> _PROBLEM DESCRIPTION_:
Look for the line with "Bibo's Head Sommelier" in the data below, then reproduce word for word that line and every line after it. Leave out all pictures and add nothing.

> _AVAILABLE DATA_:
········
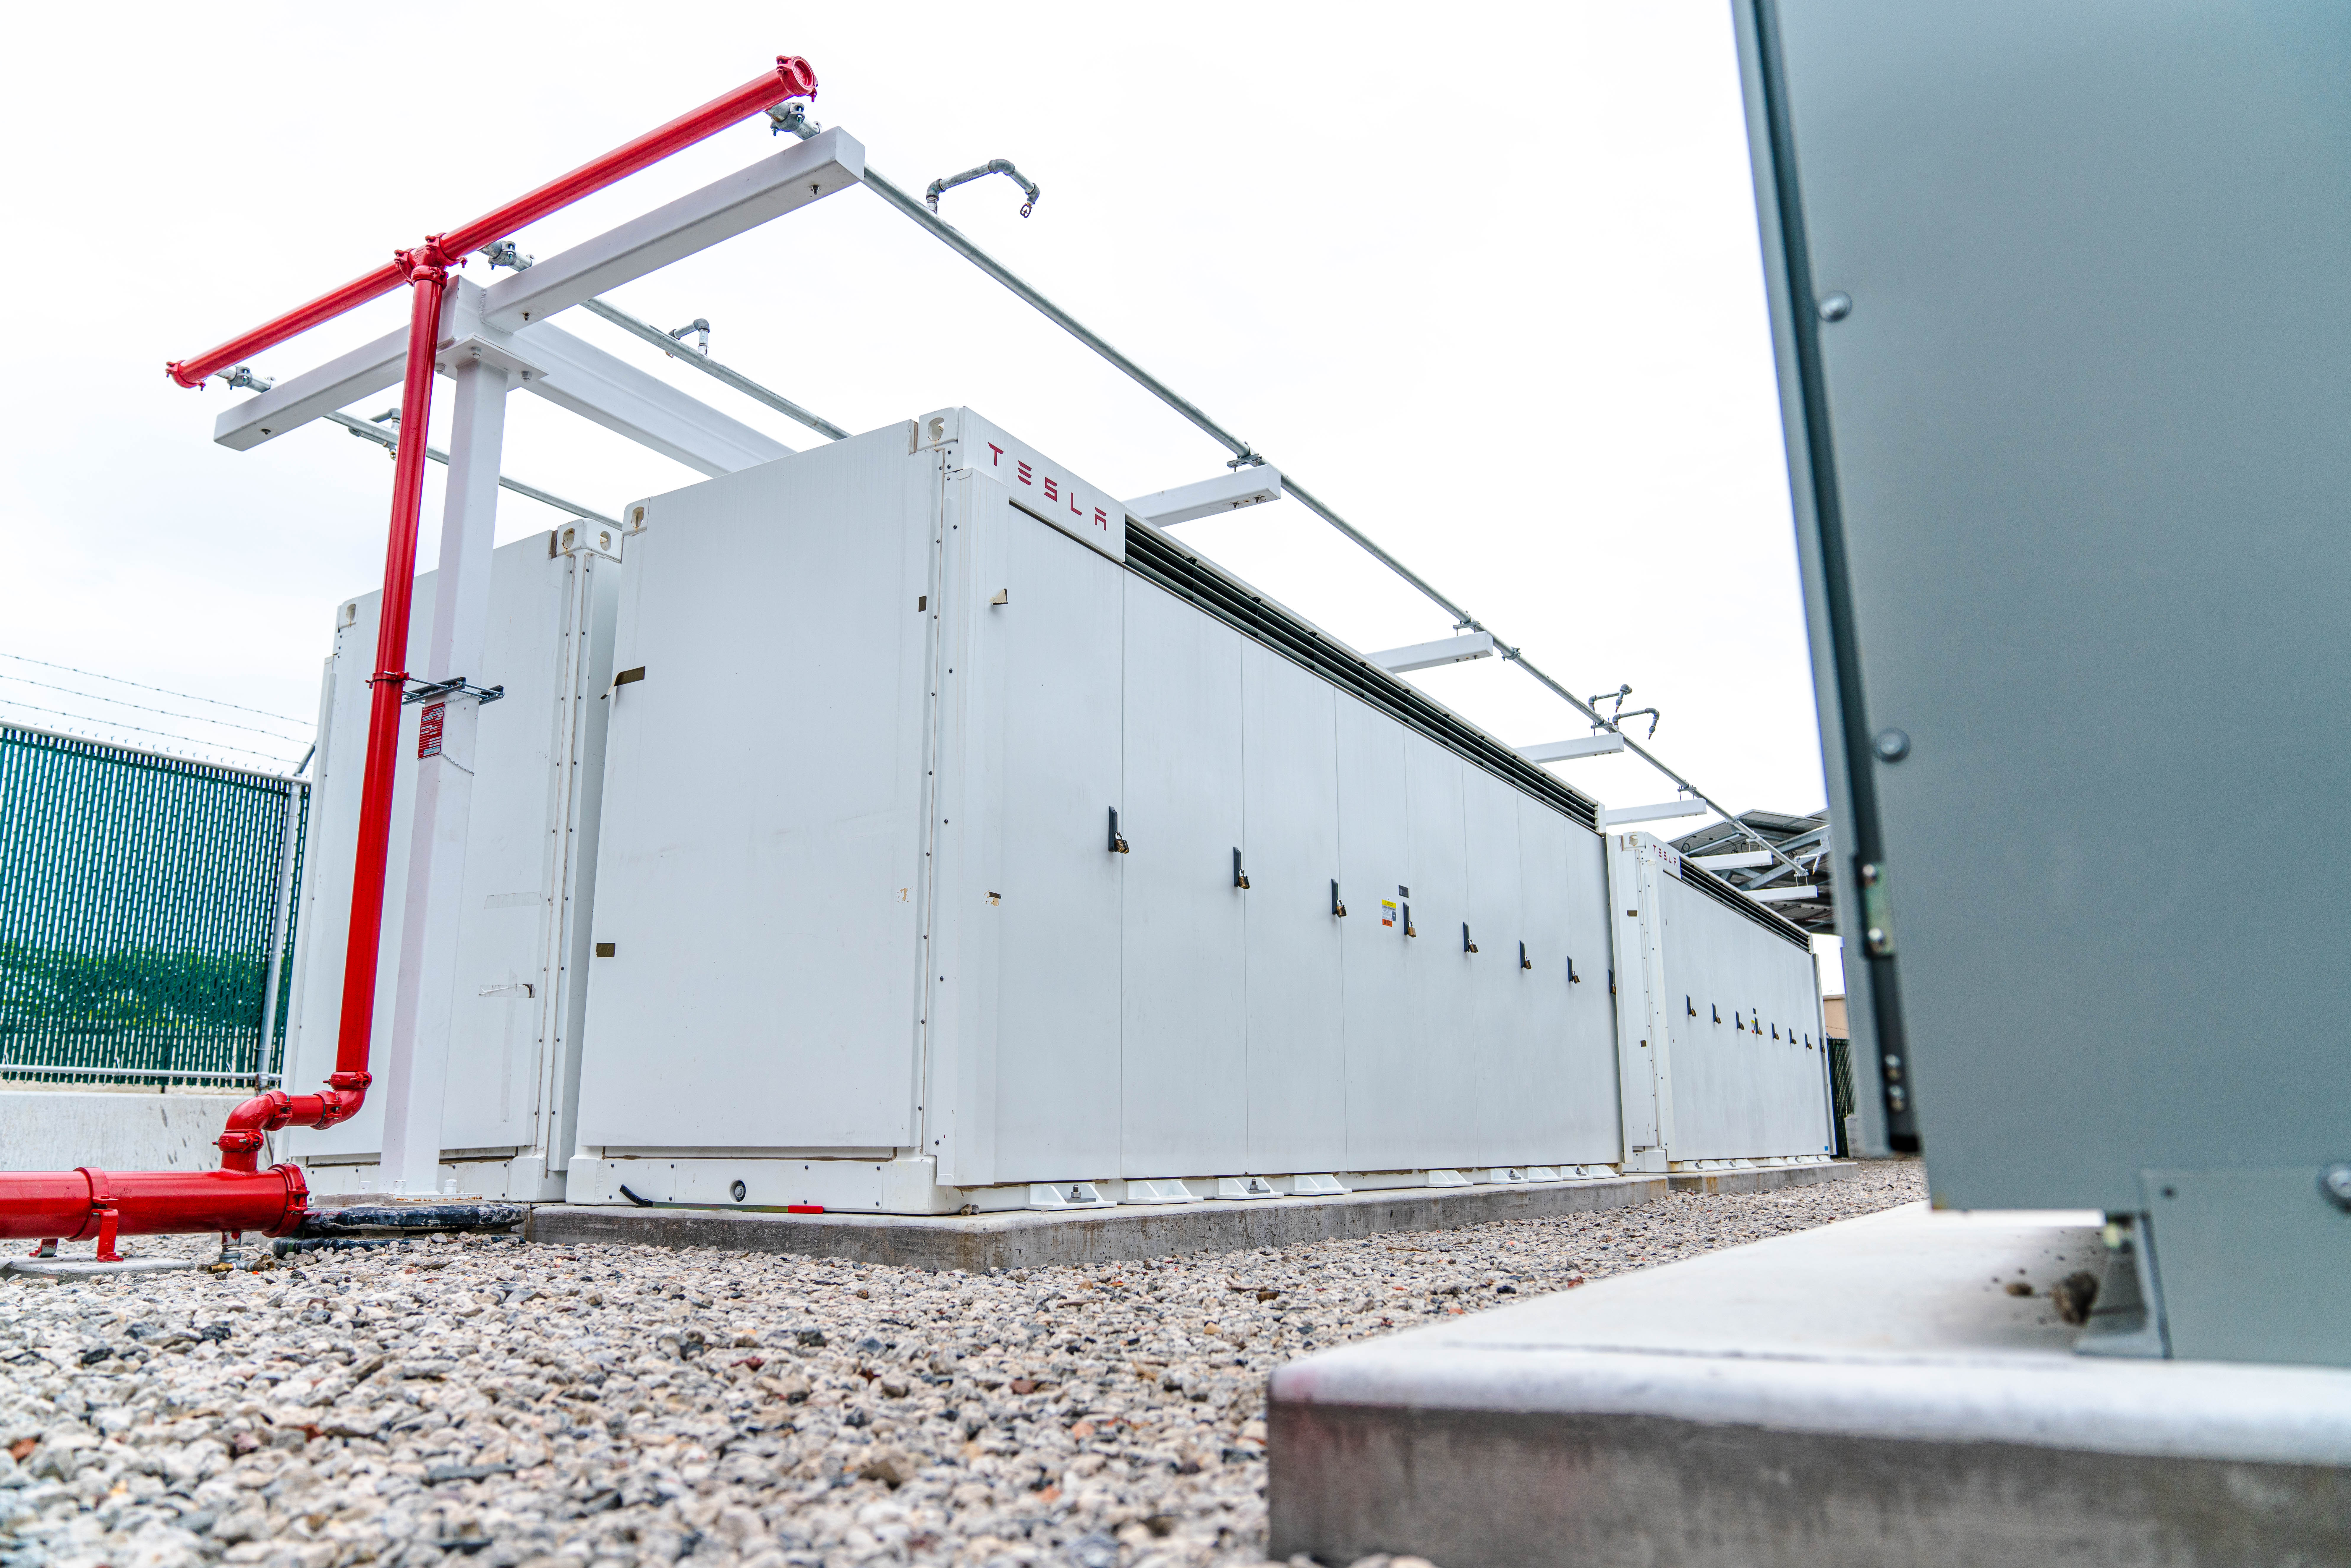 How NineDot is fitting big battery storage into the Big Apple
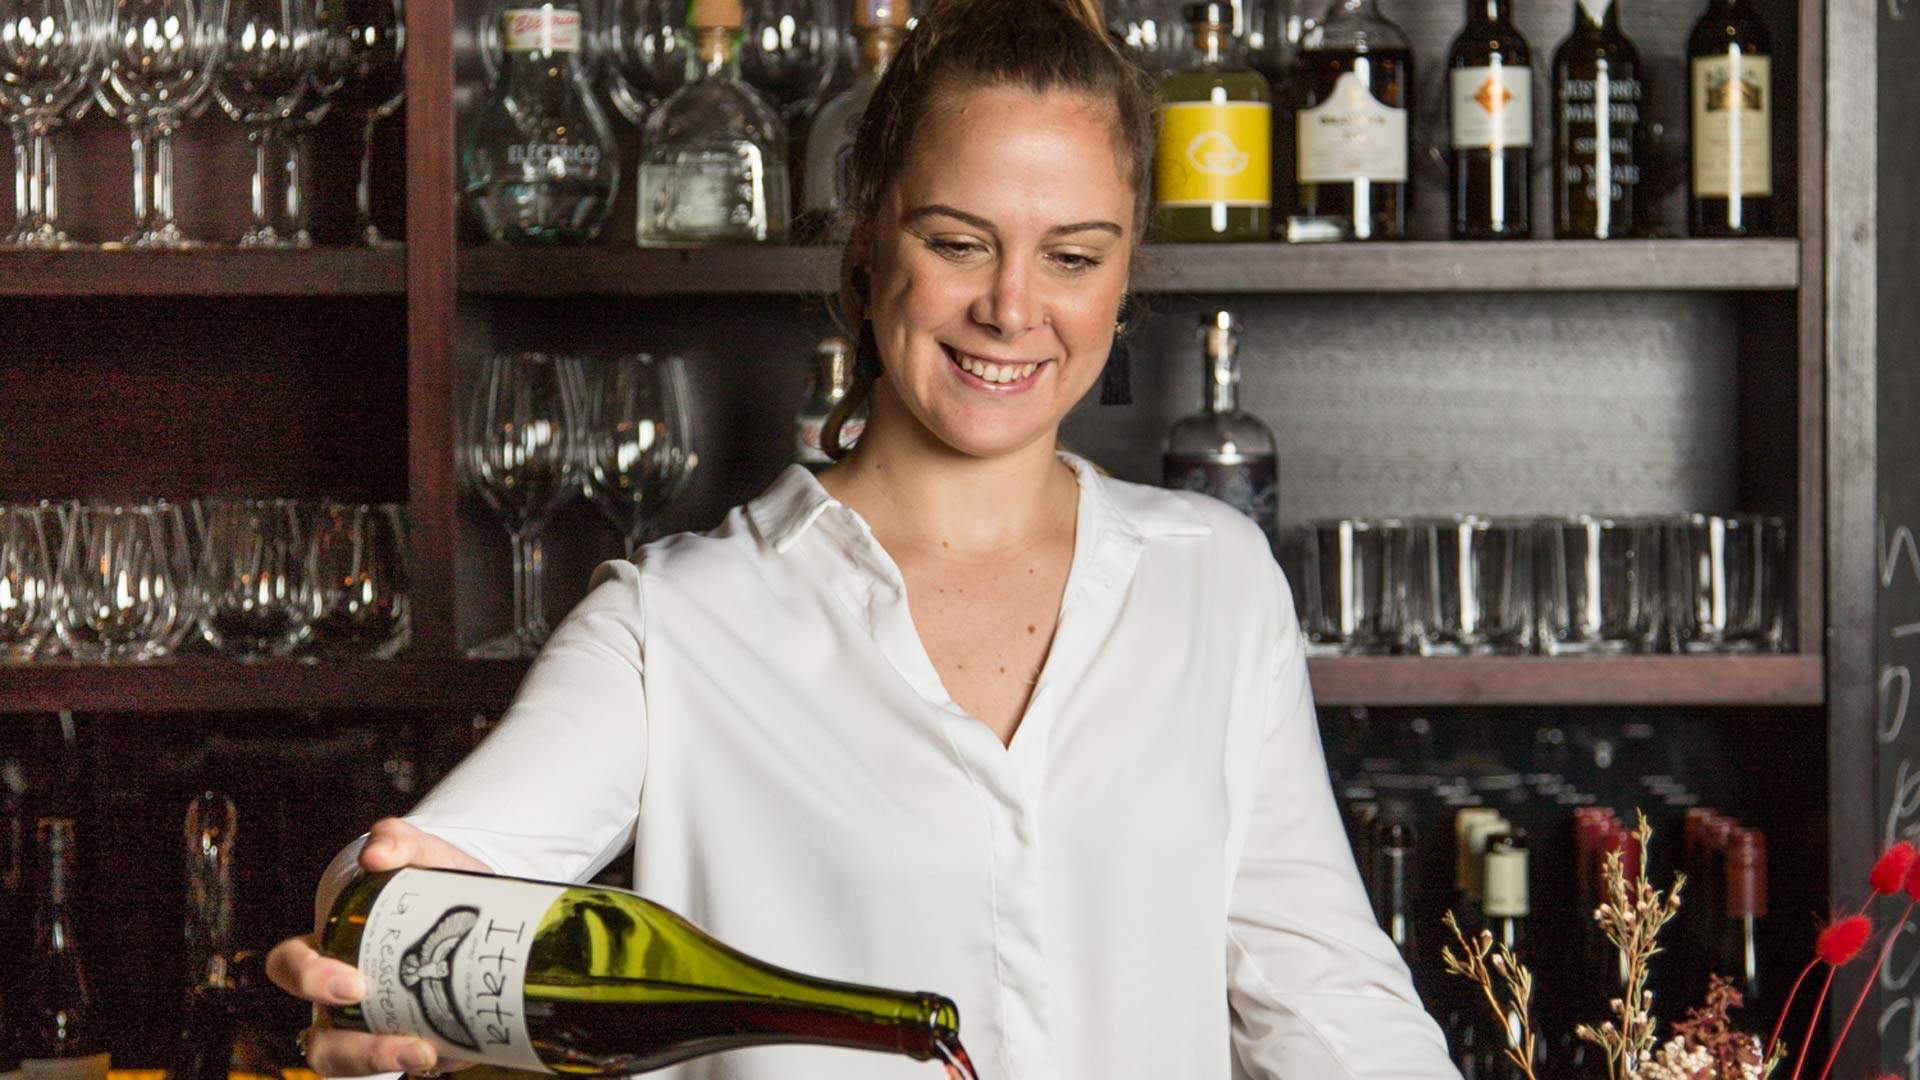 Bibo's Head Sommelier Is Zooming Customers to Reconnect and Recreate the Wine Bar Experience
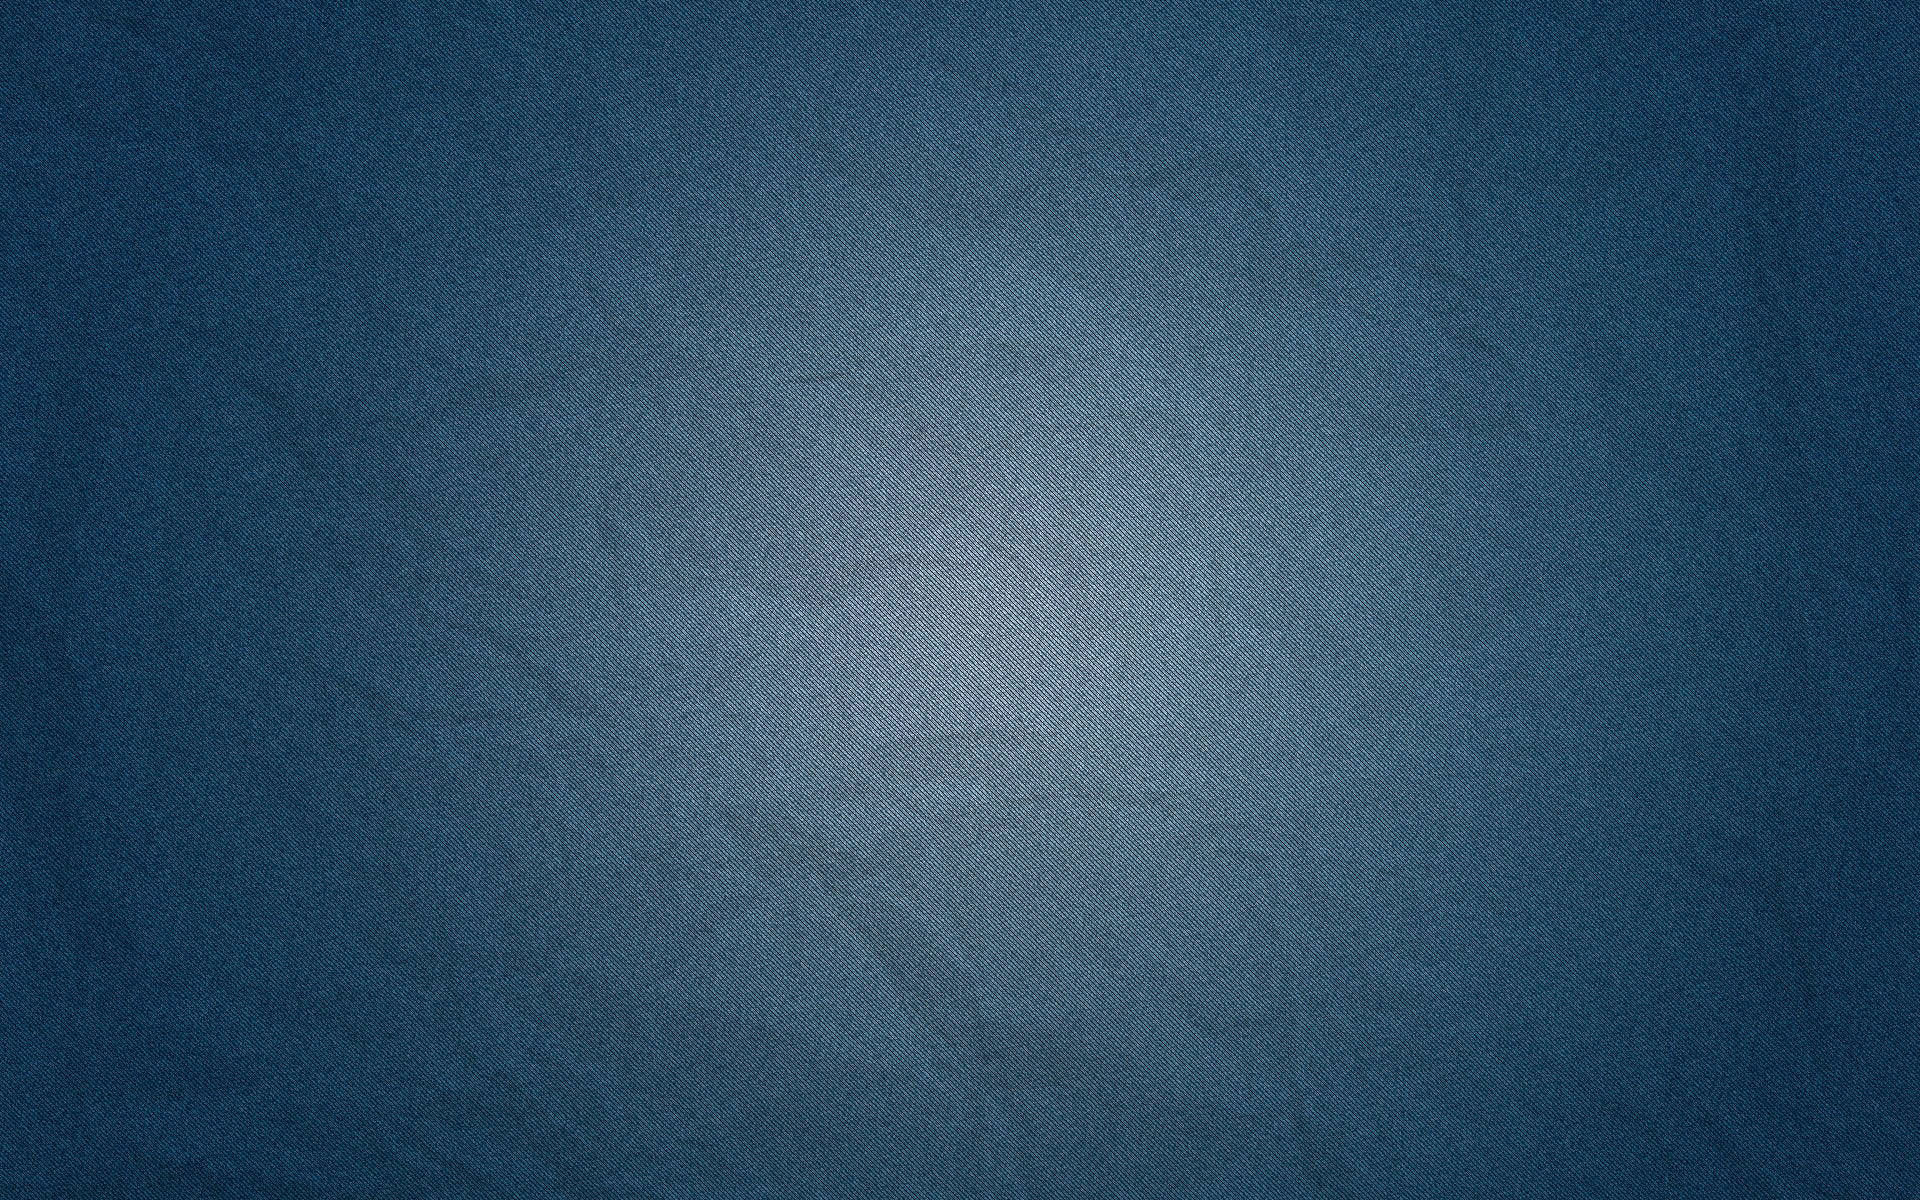 Textured Blue Gradient Backgrounds Background
········
> _SOLUTION BELOW_:
 Bibo's Head Sommelier Is Zooming Customers to Reconnect and Recreate the Wine Bar Experience
 Textured Blue Gradient Backgrounds Background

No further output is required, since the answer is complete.